Question

What type of assay allows you to identify proteins in a complex?

Answer 1

Western blot is a assay used to detect proteins from a complex.

Western blot is used to separate and identify proteins. In this technique a mixture of proteins is separated based on their molecular weight, and their activity , through gel electrophoresis. The membrane is then incubated with labels antibodies specific to the protein of wanted.By using a western blot, researchers are able to identify specific proteins from a complex mixture of proteins extracted from cells. The technique uses three steps,  separation by size, transfer to a solid support, and marking target protein using a proper primary and secondary antibody to visualize. Western blot is used in research to separate and identify proteins from a mixture. In this technique a mixture of proteins is separated based on molecular weight, and thus by type of through gel electrophoresis. These results are then transferred to a membrane producing a band for each protein. The membrane is then incubated with labels antibodies specific to the protein of interest.The unbound antibody is washed off leaving only the bound antibody to the protein of interest. The bound antibodies are then detected by developing the film. As the antibodies only bind to the protein of wanted only one band should be visible. The thickness of the band corresponds to the amount of protein present , and  indicate the amount of protein is present.

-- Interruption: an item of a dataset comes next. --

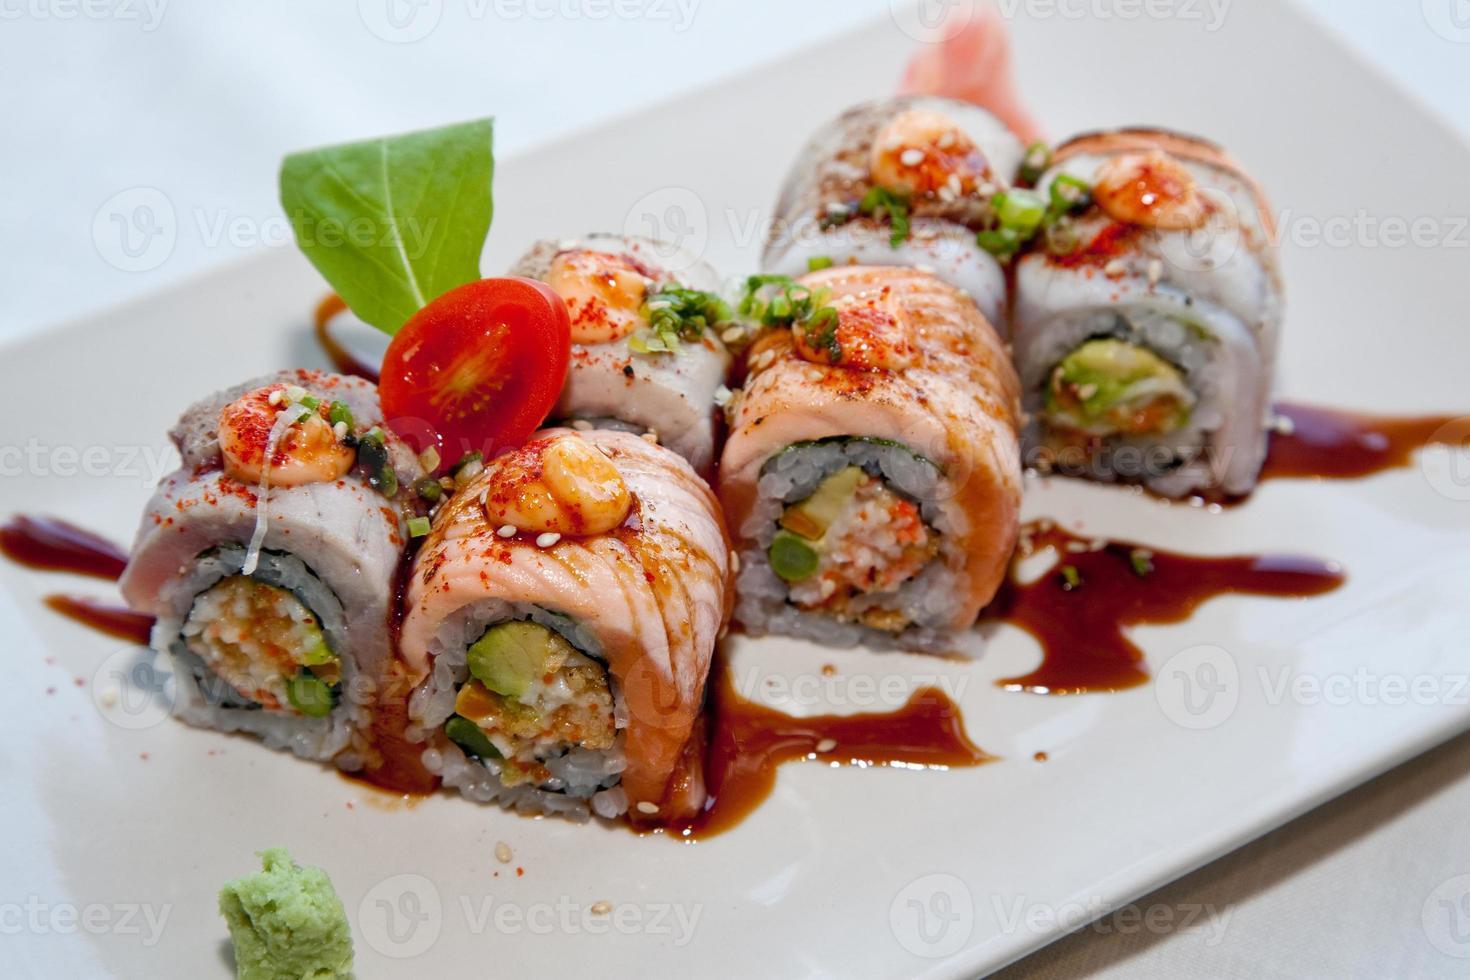 japanische Fusionsnahrungsmittel foto

Cell suspension  are the most common form of sample used for western blot. Protein extraction attempts to collect all the proteins in the cell cytosol. This procedure should be done in a cold temperature with protease inhibitors to prevent denaturing of that  proteins. After extracting the protein, Protein concentration is often measured using a spectrophotometer. Using this concentration allows to measure the mass of the protein that is being loaded into each well. After determine the volume of the sample, it is diluted into a loading buffer, which After determining the appropriate volume,  which contains glycerol so that the samples sink easily into the wells of the gel. A tracking dye (bromophenol blue) is also present in the buffer allowing the researcher to find the separation has progressed. The sample is heated after being diluted into a loading buffer, in order to denature the higher order structure.  Denaturing the high structure gives that the negative charge of amino acids is not neutralized, enabling the protein to move in an electric field (applied during electric field). In this technique to detect the positive and negative controls for the sample. For a positive control a known source of target protein, such as purified protein or a control lysate is used. This helps to confirm the identity of the protein, and the activity of the antibody. A negative control is a null cell line, is used as well to confirm that the staining is not nonspecific. proteins in a sample of tissue of extract. In simple steps, it include the major steps;

(1) buffers preparation, (2) samples preparation, (3) gel electrophoresis, (4) protein transfer, (5) membrane blocking, (6) antibody incubation, (7) detection and imaging, (8) Data analysis.

In simple method, the sample undergoes protein denaturation, followed by gel electrophoresis. The primary antibody is created that recognises and binds to a specific target protein. The electrophoresis membrane is washed in a solution containing the primary antibody, before excess antibody is washed off. A secondary antibody is added which recognises and binds to the primary antibody. The secondary antibody is visualised through various methods such as staining, immunofluorescence, and radioactivity, allowing indirect detection of the specific target protein.